[Opening PROVIDED DATA section]

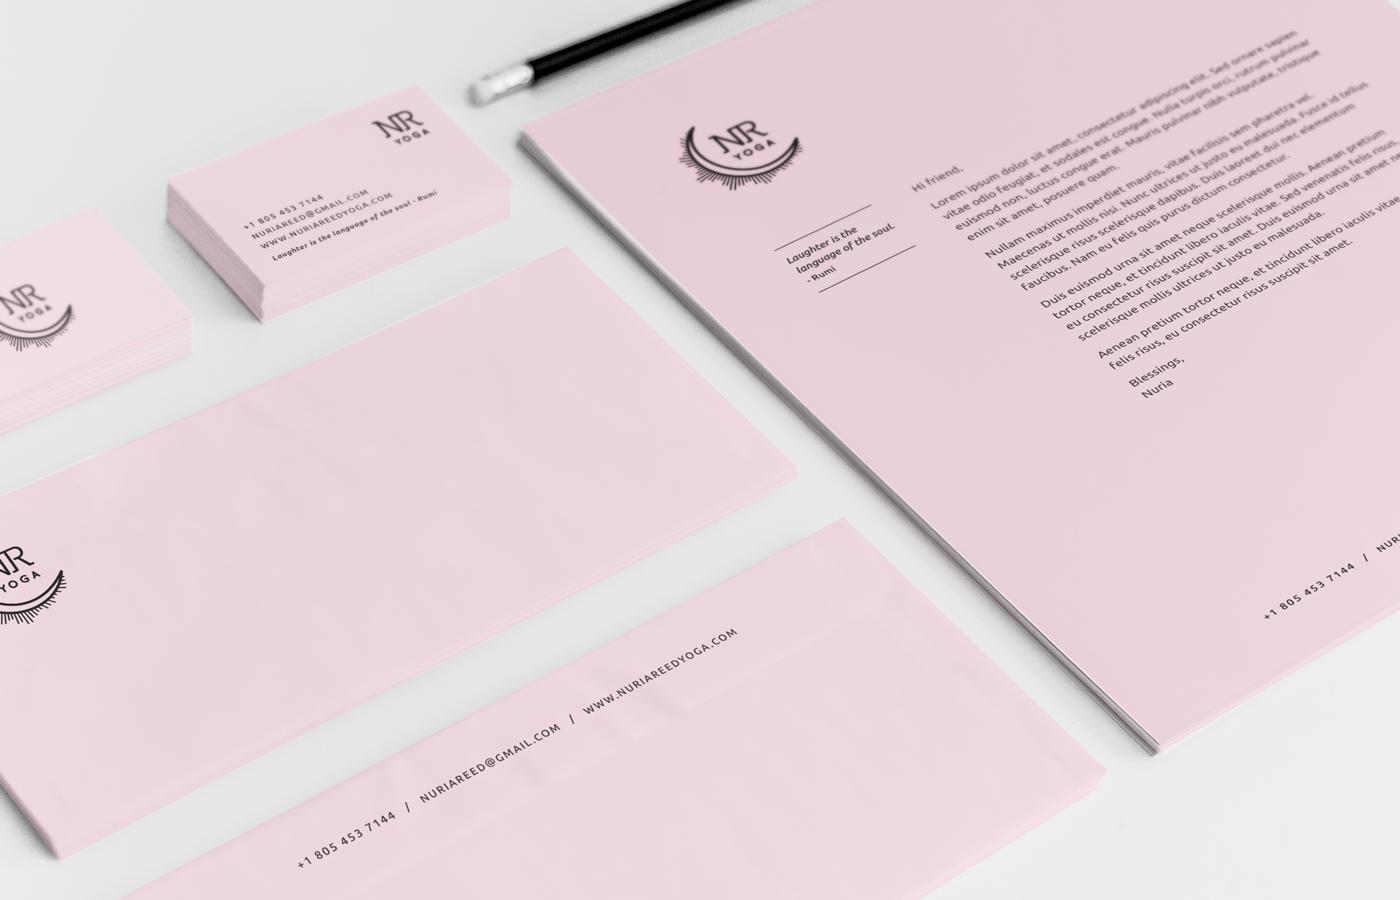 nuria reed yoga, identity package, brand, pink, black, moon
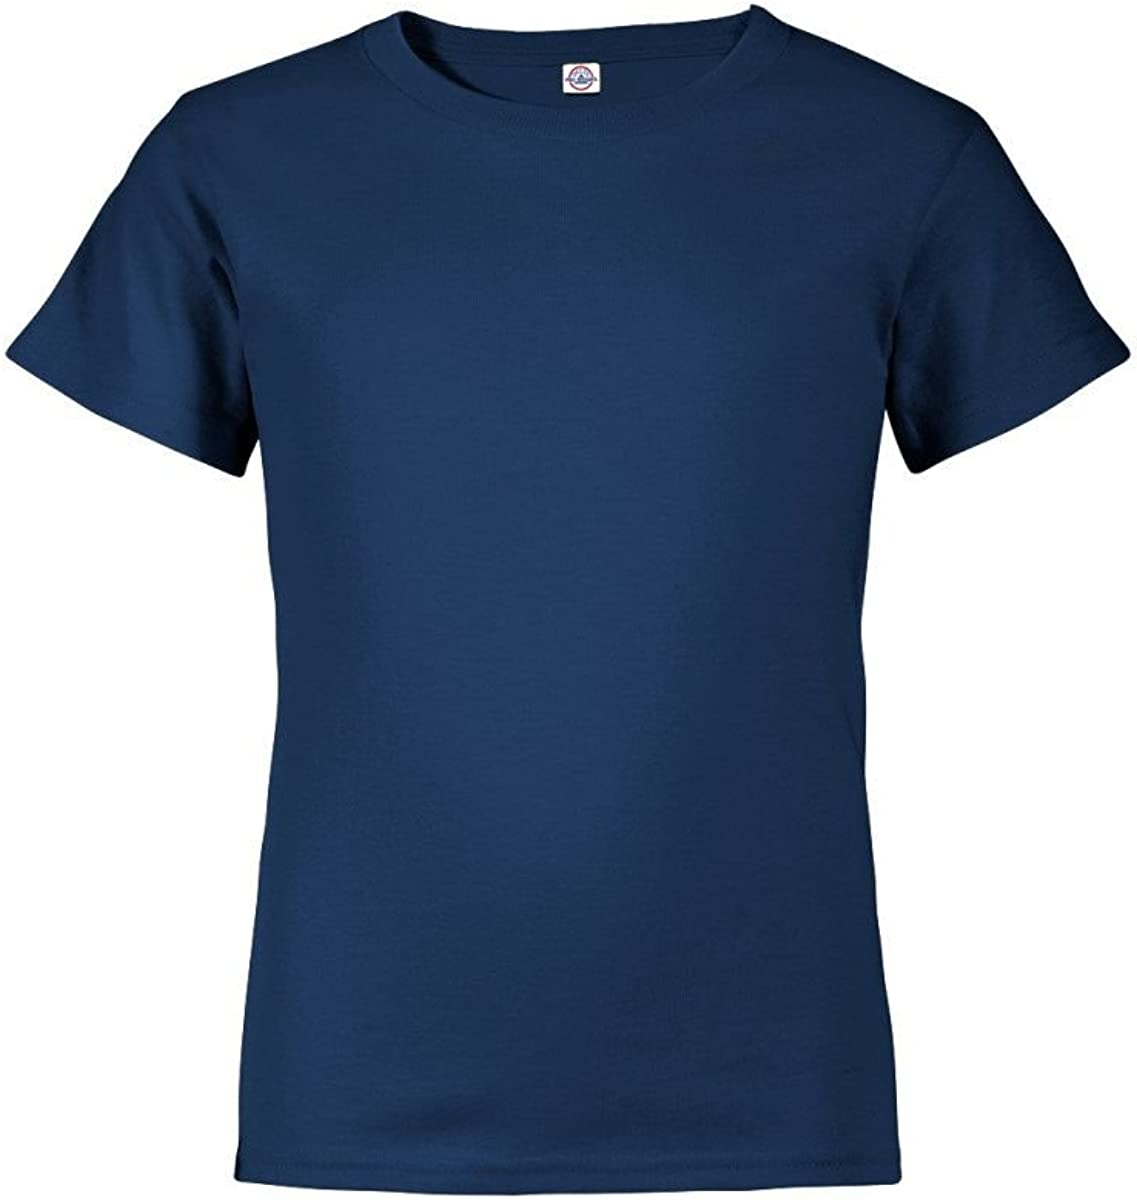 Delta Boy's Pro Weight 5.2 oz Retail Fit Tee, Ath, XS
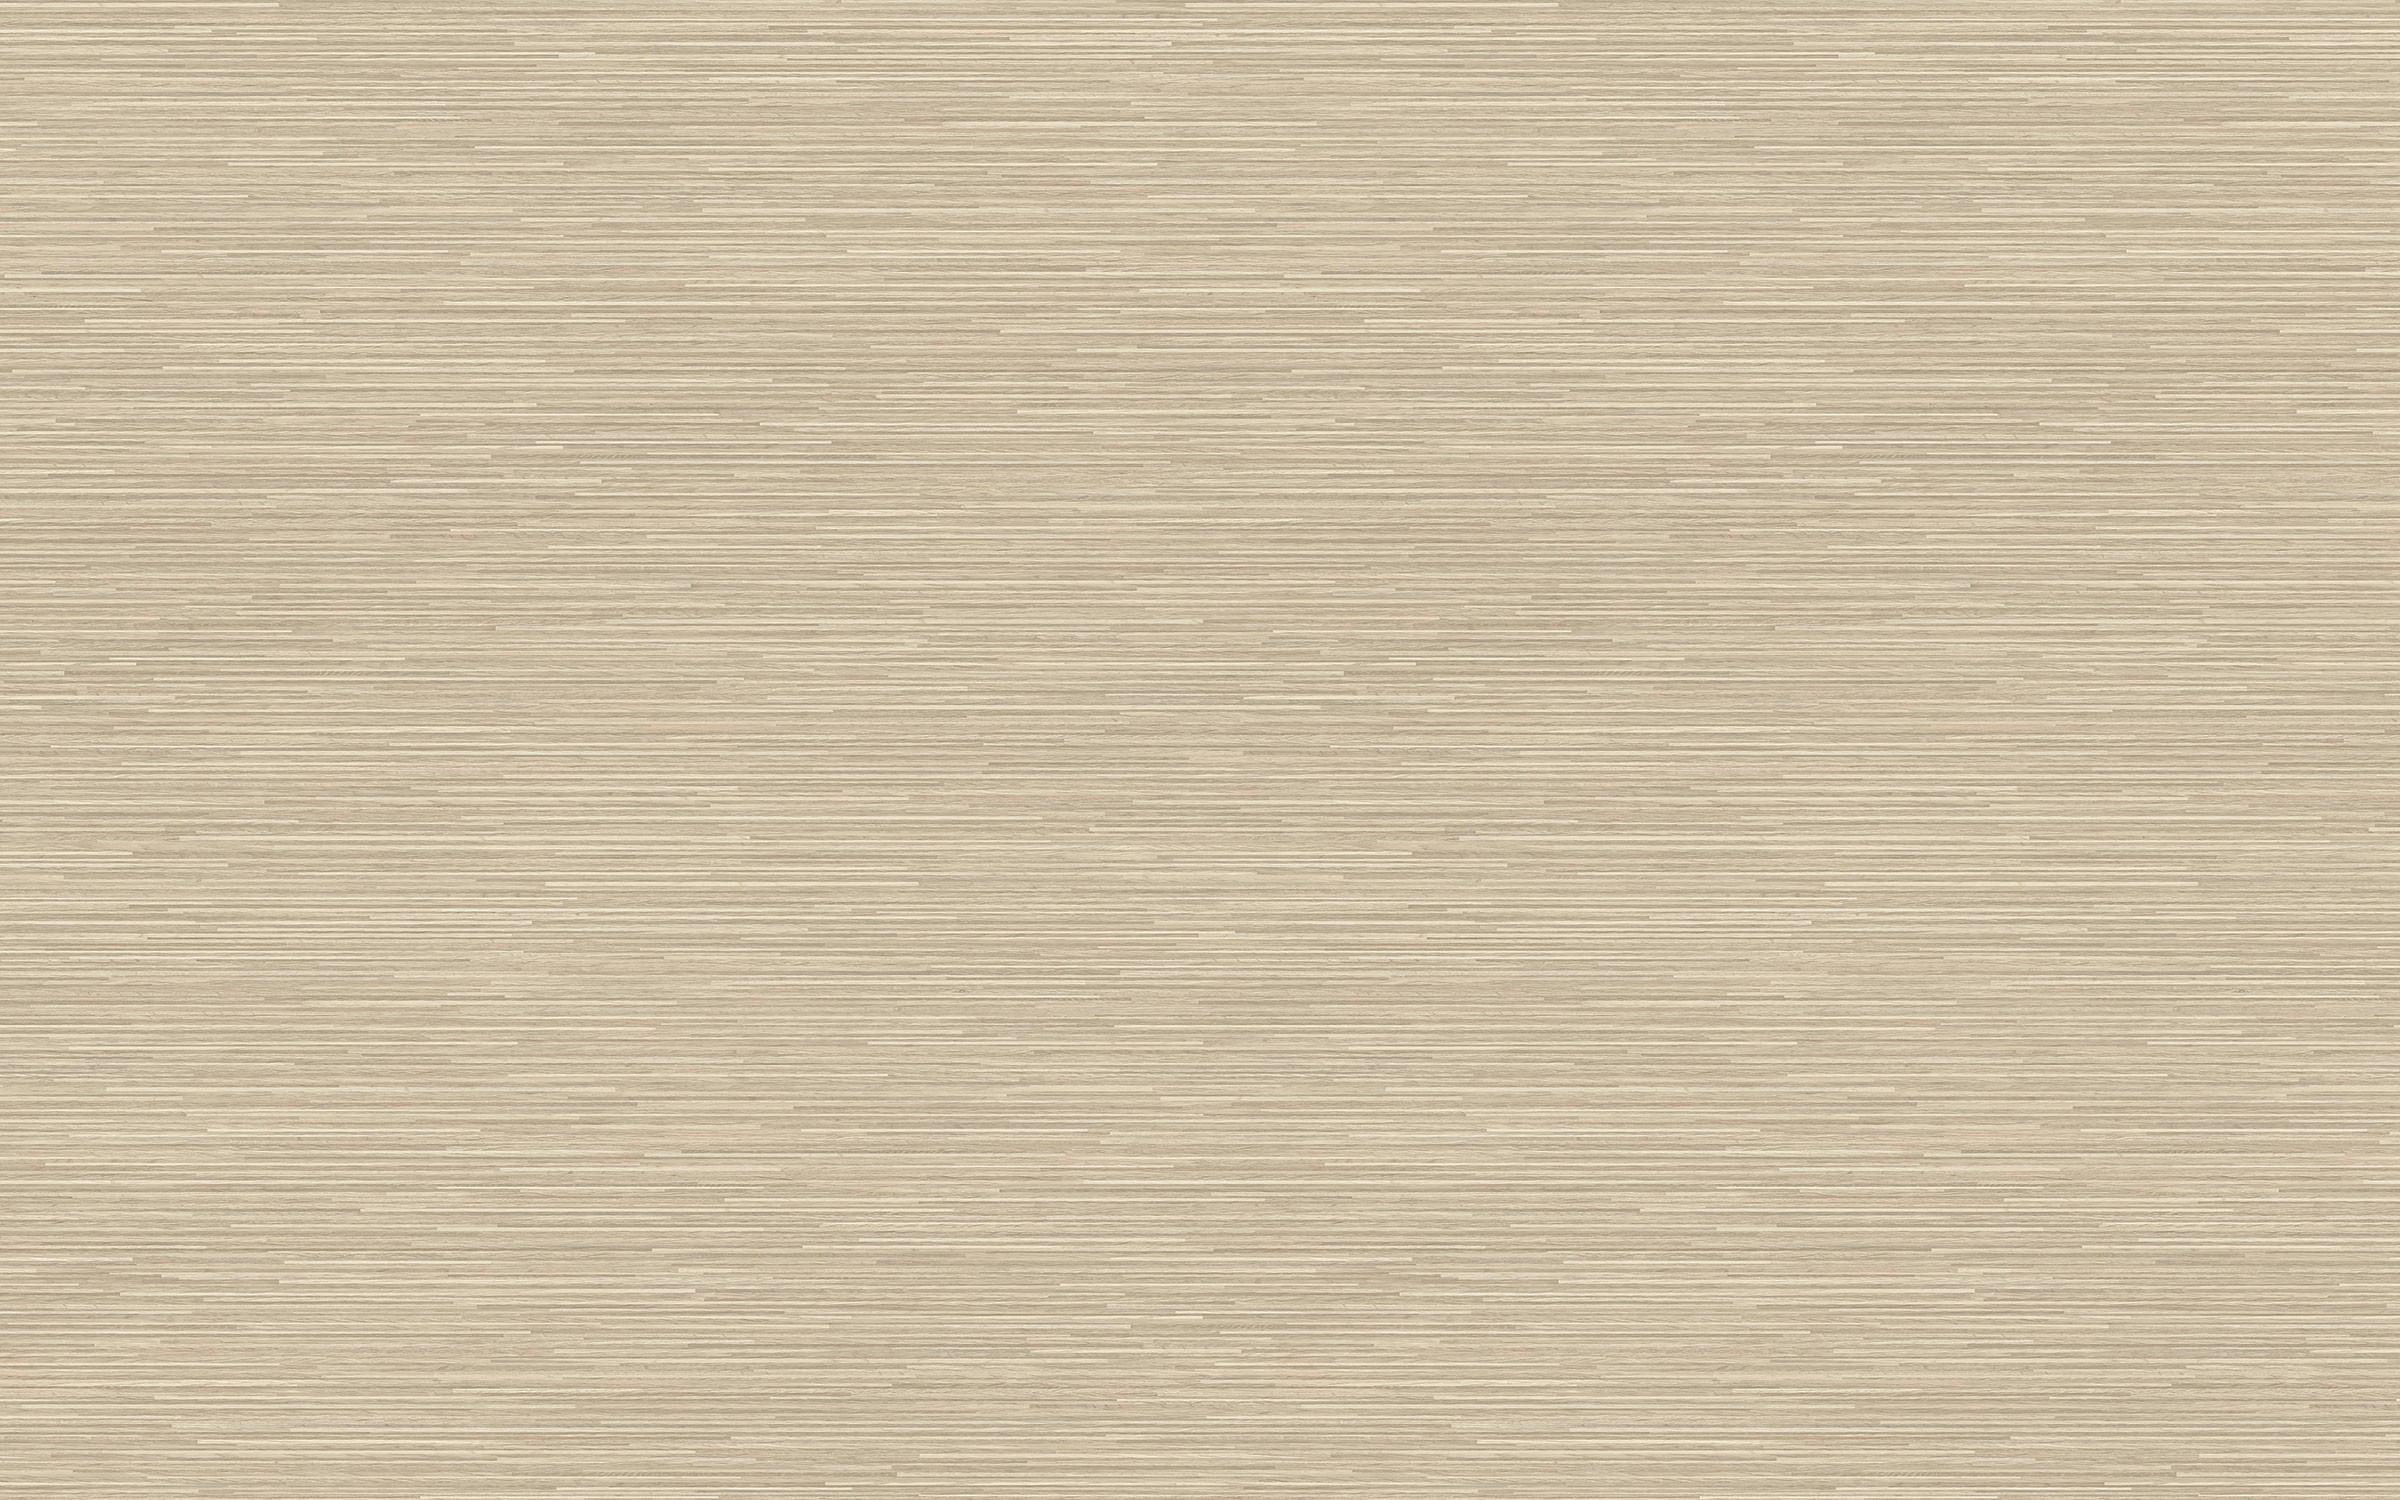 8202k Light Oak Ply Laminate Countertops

[Closing PROVIDED DATA section]

» **WORK TO COMPLETE**: Give back an exact copy of the material above, omitting the pictures.

» **SOLUTION TO THE PROBLEM**:
 nuria reed yoga, identity package, brand, pink, black, moon
 Delta Boy's Pro Weight 5.2 oz Retail Fit Tee, Ath, XS
 8202k Light Oak Ply Laminate Countertops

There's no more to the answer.